Bishop (mini PC, not a GPU server): AMD Ryzen AI 9 HX 370, 64 GB DDR5, Radeon 890M iGPU + XDNA 2 NPU (50 TOPS), no discrete GPU, no CUDA. Role: one-time training (voice pipeline + Brain Distillation) + personal SmartLab. Training on CPU — slower but sufficient for one-time jobs.
CDN (cdn.alaivos.com/models/, Cloudflare R2): 7 tier files + manifest.json v3.
Scaling triggers: >500 Ghost subs → second node or CX43 upgrade; >1000 Ghost subs → dedicated GPU (GEX44 €184/mo).

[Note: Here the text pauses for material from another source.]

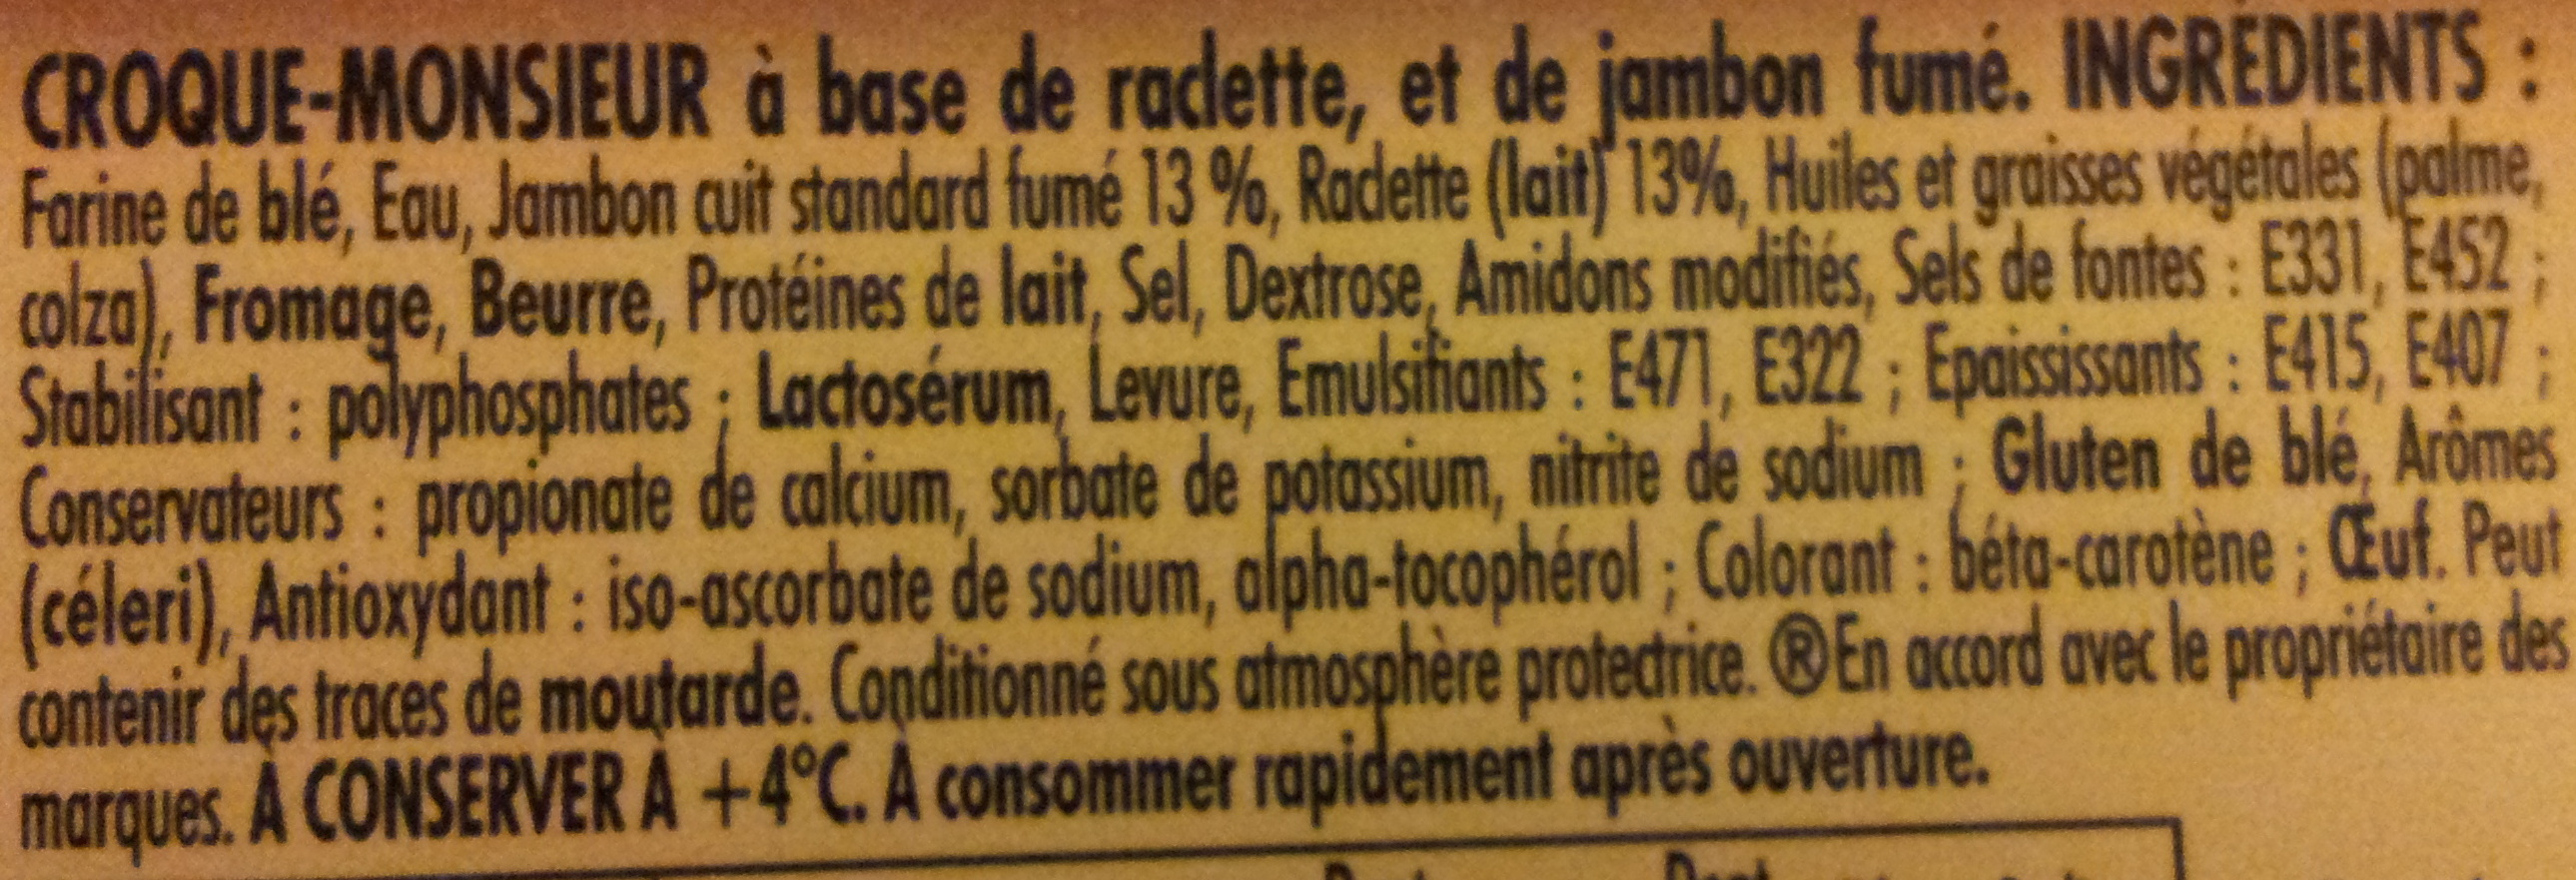 Tendre Croque, Montagnard (Fromage à raclette & Jambon fumé) - Ingrediënten - fr

12. KEY METRICS (April 13, 2026)¶

Metric	Value
AiProvider enum values	2 (`local`, `ghost`)
On-device tiers	5 (xs/s/m/l/xl) — practical ceiling is `m` today
Ghost tier	1 (`ghost-std`)
Ghost tok/s	12.02 (Gemma 4 E4B, CPU-only)
Function-calling languages verified	EN / ES / PT
SkillRouter skills	17
Observer rules	11 (incl. AQ #11)
Planner action types	6
Executor module actions	8
PersonalitySettings presets	5 (Coach default)
PromptAssembler layers	5
PromptAssembler cluster notes	13
Checkup domains	3
Kokoro female voices shortlisted	11
Piper fine-tune samples needed	80-150 per language
CDN model files	7 + manifest.json

This document is the single source of truth for alaivOS AI + Voice architecture. When it contradicts a sprint brief, this wins. Cross-reference: GHOST_PROTOCOL.md, PRODUCT_SCOPE.md, INFRASTRUCTURE.md.